Aculeata, Chrysidoidea, Oriental Region


Loboscelidiinae is a small subfamily of Chrysididae distributed in the Oriental and Australian regions (Cameron 1910, Kieffer 1916, Fouts 1925, Maa and Yoshimoto 1961, Lin 1964, Day 1979, Terayama et al. 1998), which includes two genera: Loboscelidia Westood, 1874 and Rhadinoscelidia Kimsey, 1988. Thirty-five species in total are recognized in Loboscelidiinae (Kimsey and Bohart 1990, Kojima and Ubaidillah 2003, Xu et al. 2006), of which thirty-three species belong to the genus Loboscelidia, and two species belong to the genus Rhadinoscelidia: Rhadinoscelidia malaysiae Kimsey, 1988 from Malaysia and Rhadinoscelidia halimunensis Ubaidillah, 2003 from Indonesia (Kimsey 1988, Kojima and Ubaidillah 2003).

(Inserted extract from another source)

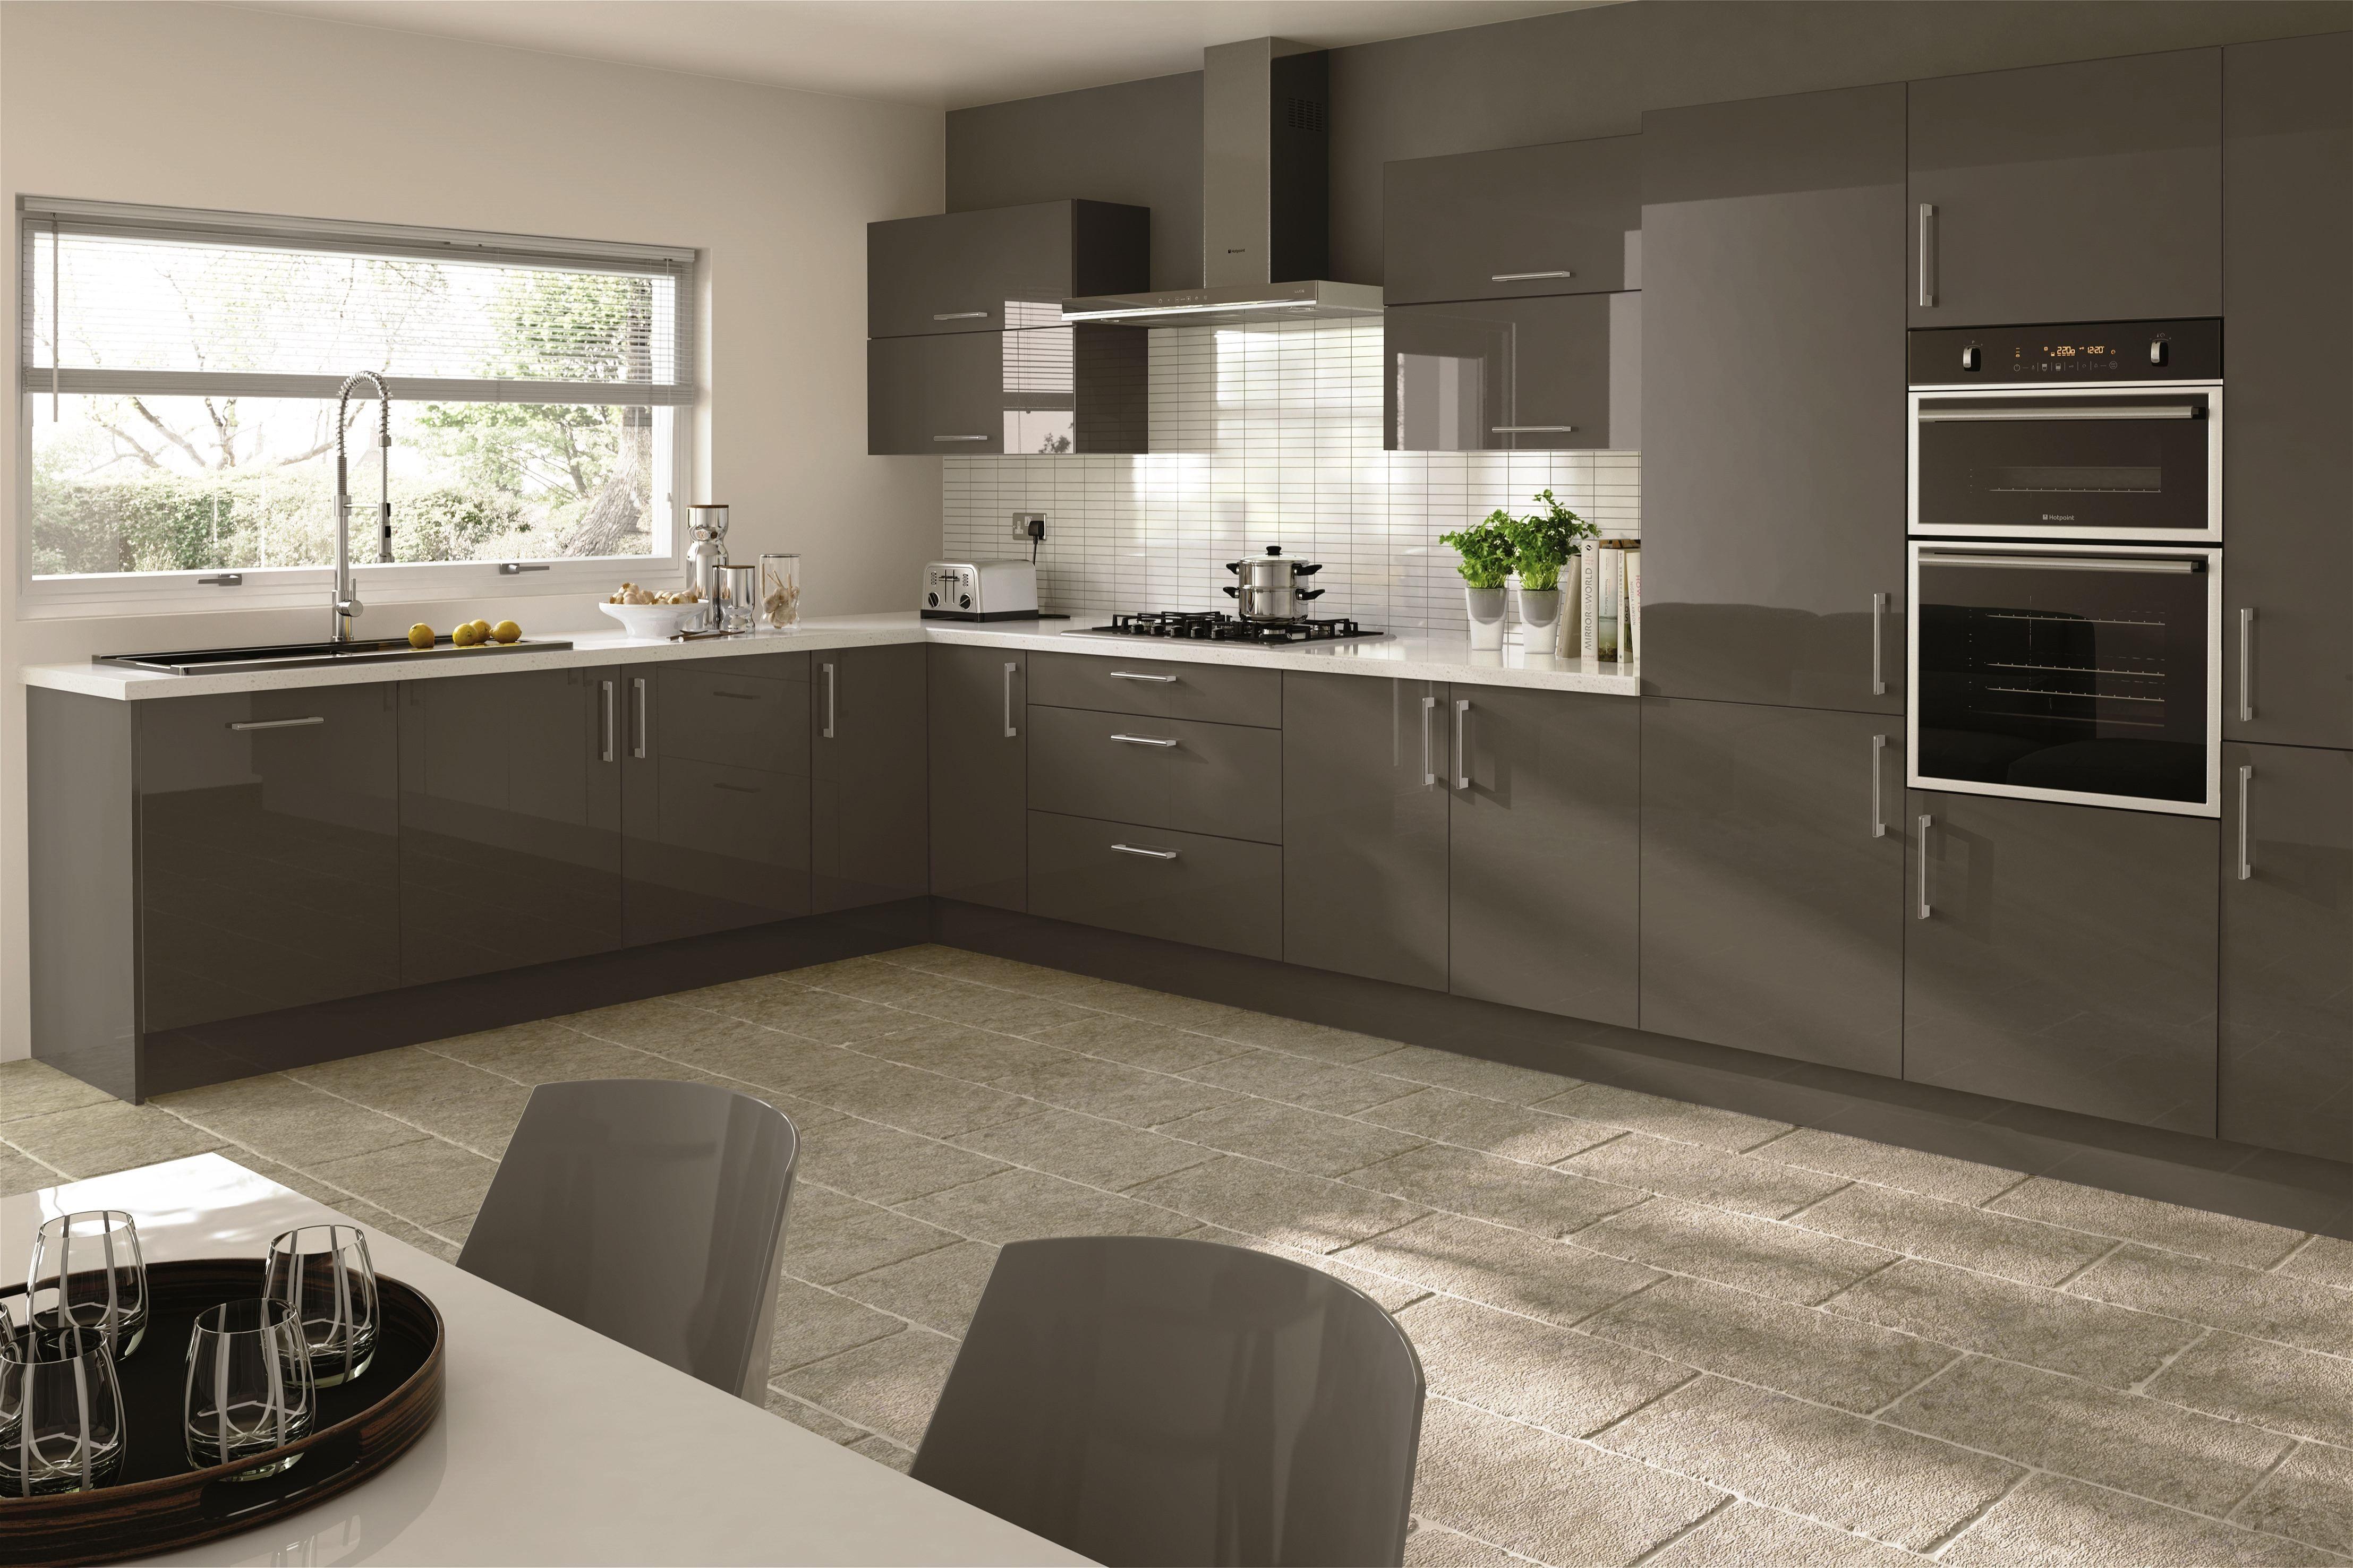 Kitchen Design Ideas Uk 2015 Gloss Kitchen Cabinets Replacement Kitchen Doors High Gloss Kitchen Cabinets

Hosts of most species of this subfamily are unknown, but a few species are suggested to be parasitoids of Formicidae or Phasmatidae. Fouts (1922) suggested that Loboscelidiinae were probably myrmecophilous because they have the habitus of ants and the woolly appearance of the neck which is the characteristic of many myrmecophiles. Some species of Loboscelidia were inferred to be egg parasitoids of Phasmatidae (Hadlington and Hoschke 1959, Heather 1965, Riek 1970, Krombein 1983, Kimsey and Bohart 1990). However, there are no any host records of the genus Rhadinoscelidia. Most chrysidids are diurnal, but species of Loboscelidiinae are probably active during dusk or nocturnally based on their dark brown body and large ocelli (Kimsey and Bohart 1990).

Males of Loboscelidiinae are much more commonly collected than females (Kimsey and Bohart 1990). Recently, two specimens of the genus Rhadinoscelidia were discovered in Hainan, China, representing a new species, Rhadinoscelidia delta Liu, Yao & Xu, sp. n. It represents the first record of this genus for China.

Materials and methods

Two specimens of the genus Rhadinoscelidia were collected in 2007 from Hainan. Type specimens are deposited in the Hymenopteran Collection of South China Agricultural University (SCAU).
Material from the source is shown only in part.